Summarizing: when you say you prefer vinyl over CD, you say that you prefer 80’s style mastering over the overly compressed end-90s+ mastering.
It’s interesting that the extra headroom on CDs sparked the loudness war, instead of resulting in better dynamics. And now that people expect music to have a certain loudness, I guess we can’t go back.
Perhaps one day we could get a new wave of artists mastering their 320kbps mp3s 80s-stlye?
A loud mix makes sense if you’re listening to music in a noisy environment. (On your commute, say.) But I’d rather have the ability to compress the dynamic range at the time of playing, so I can adjust it to suit the environment.
I used to have a decent, though inexpensive, stereo system setup. Back when I would sit down just to listen to music, with no other distractions, like the Internet.
But when was the last time I really sat down to listen to music? For me it is usually in the car, or through a pair of earbuds. Or maybe washing the dishes.
The extra headroom mostly provided the opportunity, alongside the fidelity and lack of physical limitations of a CD: on a vinyl if you try to brickwall you end up with unusable media.
What sparked the loudness war is the usual prisoner’s dilemna, where producers ask for more volume in order to stand out, leading the next producer to do the same, until you end up with tons of compression and no dynamic range left. Radio was a big contributor, as stations tend(ed?) to do peak normalisation[0], so if you leverage dynamic range widely you end up very quiet next to the pieces played before and after.
To an extent it’s already been happening for about a decade: every streaming service does loudness normalisation[1], so by over-compressing you end up with a track that’s no louder than your neighbours, but it clips and sounds dead.

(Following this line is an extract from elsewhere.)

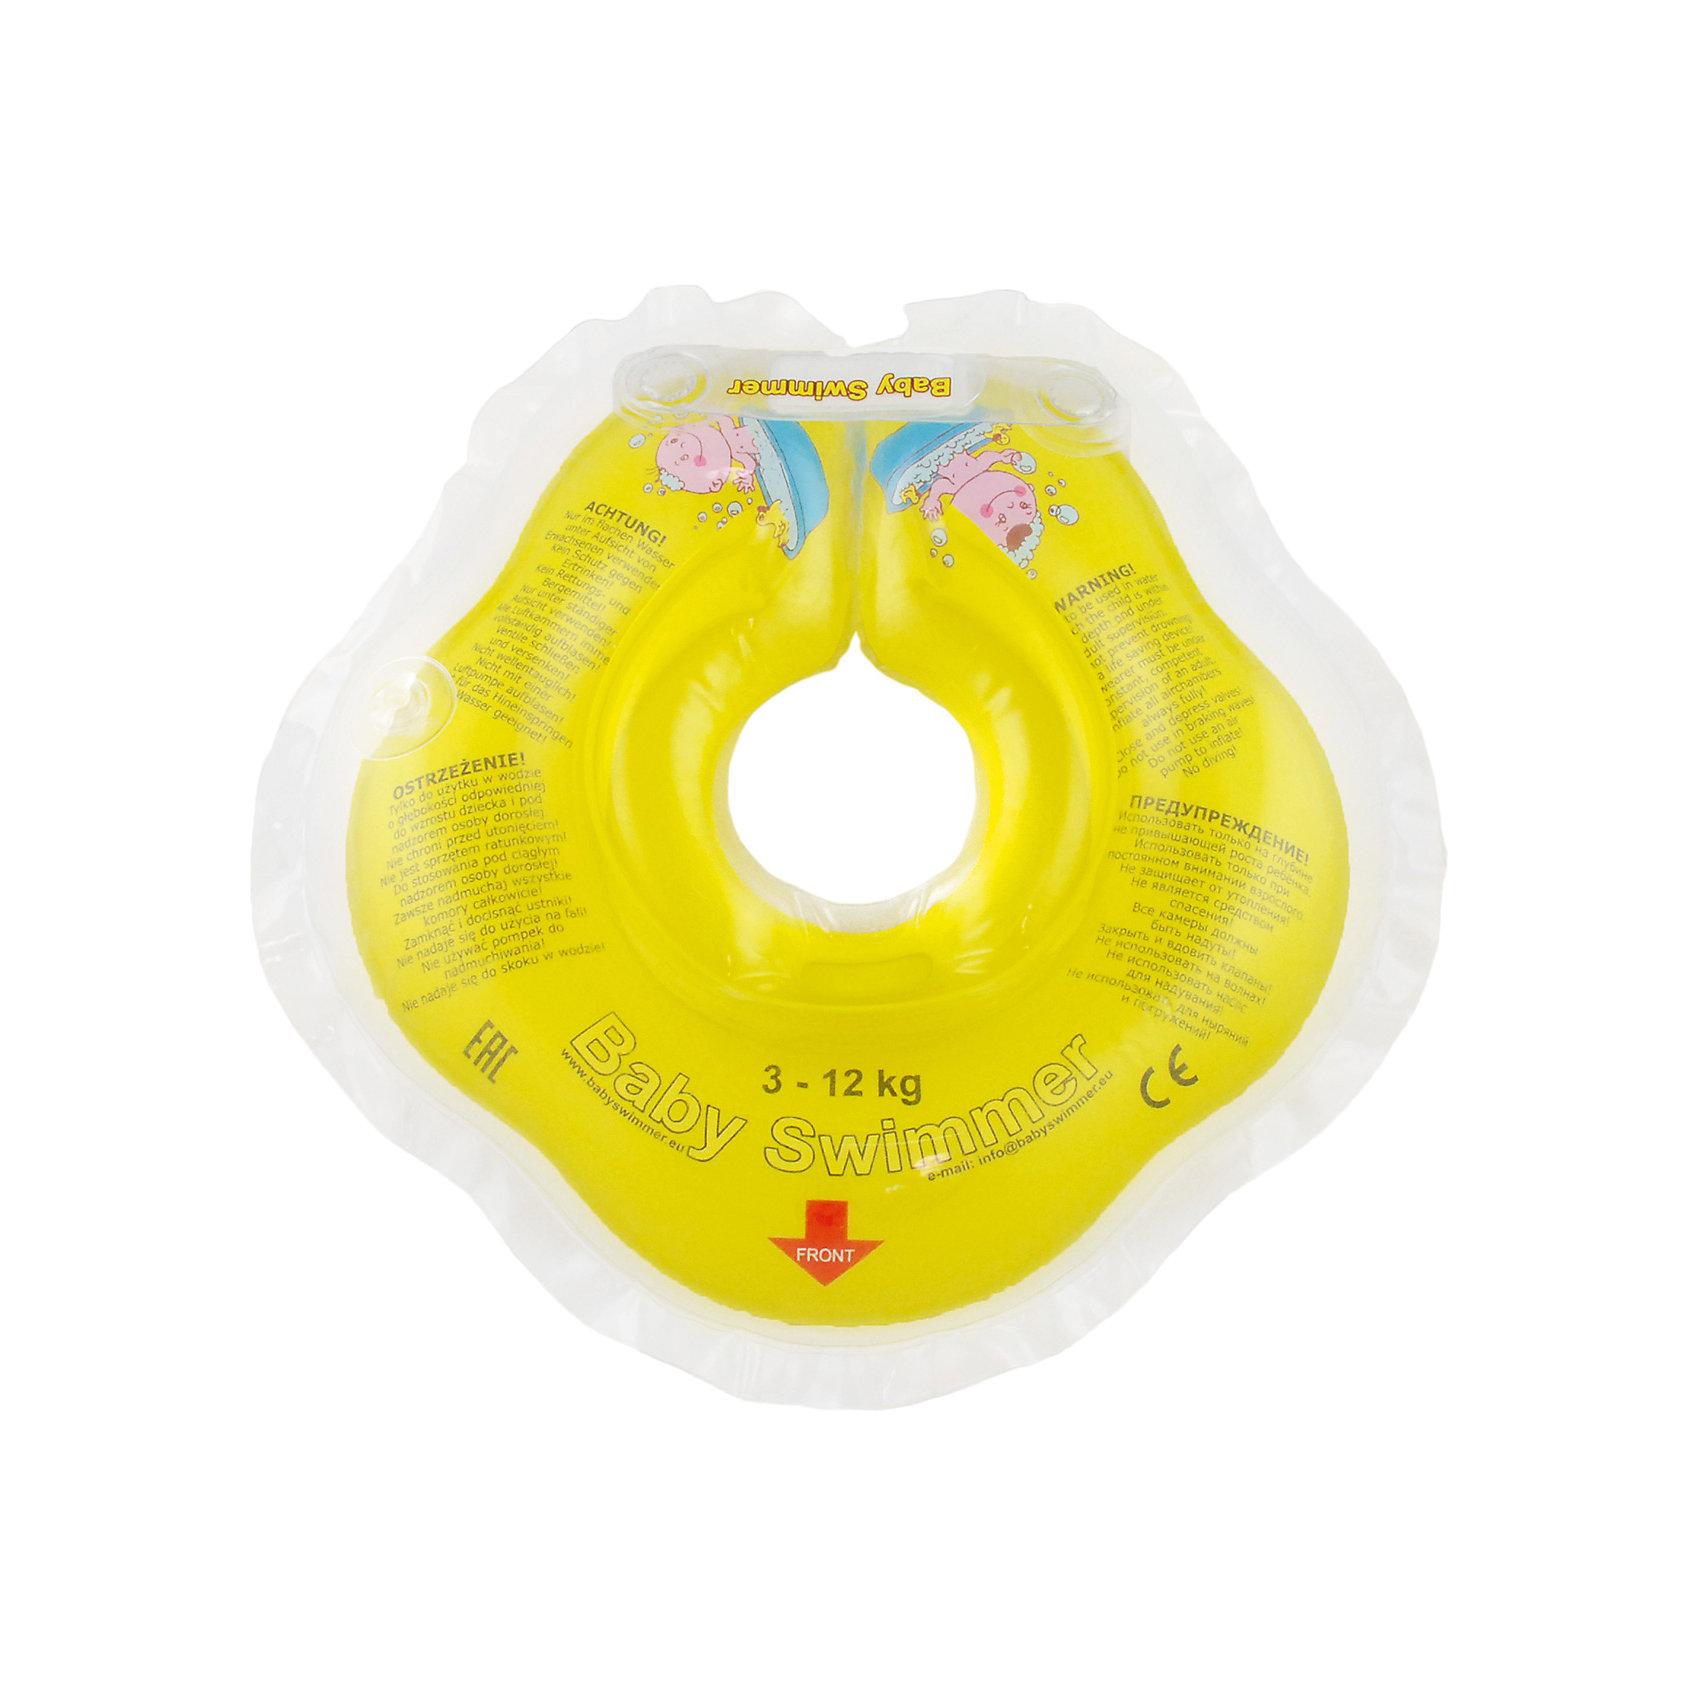 Круг для купания BabySwimmer, жёлтыйКруги для купания малыша<br>Купание младенца - ответственное и важное занятие. Круг для купания Baby Swimmer  обеспечит безопасность процесса, избавит малыша от страха воды и сделает водные процедуры веселой игрой. У круга есть устройство, поддерживающее подбородок, что позволит избежать проглатывание воды малышом. У круга яркие цвета, необычный дизайн и веселые картинки по бокам, которые понравится всем детям. Все материалы, использованные при разработке и изготовлении круга для купания безопасны для использования, отвечают всем требованиям экологичности и качества детских товаров, а так же гипоаллергенны.<br><br>Дополнительная информация:<br><br>модель: Baby Swimmer;<br>цвет: жёлтый.<br><br>Круг для купания Baby Swimmer можно приобрести в нашем магазине.<br><br>Ширина мм: 150<br>Глубина мм: 40<br>Высота мм: 150<br>Вес г: 140<br>Возраст от месяцев: 0<br>Возраст до месяцев: 24<br>Пол: Унисекс<br>Возраст: Детский<br>SKU: 4968096

Lots of “legacy” media companies (software developers, production companies, distributors, …) have also been using loudness normalisation for about a decade following the spread of EBU R 128 (a european recommendation for loudness normalisation), for the same reason.
[0] where the highest sound of every track is set to the same level
[1] where the target is a perceived overall loudness for the entire track
That’s me. When I buy rock music on LP, I’m purchasing music mastered to the 1980’s LP standards. I do that because Rock music works well with the 60 dB or so of dynamic range that vinyl LP offers.
It really is quite shocking to take a CD mastered in the early 90s and another in the late 90s-early 2000s and play them at the same volume settings.
This is an excellent explanation. Being able to explain things clearly without hiding behind technical terms like “compression” is a strong indicator to me that you are a true expert in this field.
For drummers and bassists, “compression” is a well-known term, because compressing dynamic range is almost required in order to record them faithfully. The typical gigging bassist will have a compressor pedal in their effects chain for live performance, too.
I do appreciate it when digital releases are mastered in way that preserves dynamic range, and playing it after any typical digital release in the affected genres, it will sound really quiet.
Some bands have demonstrated to me that you can be a loud rock band with dynamic range mostly intact.
I think it’s fun to watch the record spin around. :-)
I listen to 90% of stuff on vinyl, and I have no rational explanation beyond yours as to why I like it more than streaming.
I heard on the radio that Metallica are investing in their own vinyl-pressing plant.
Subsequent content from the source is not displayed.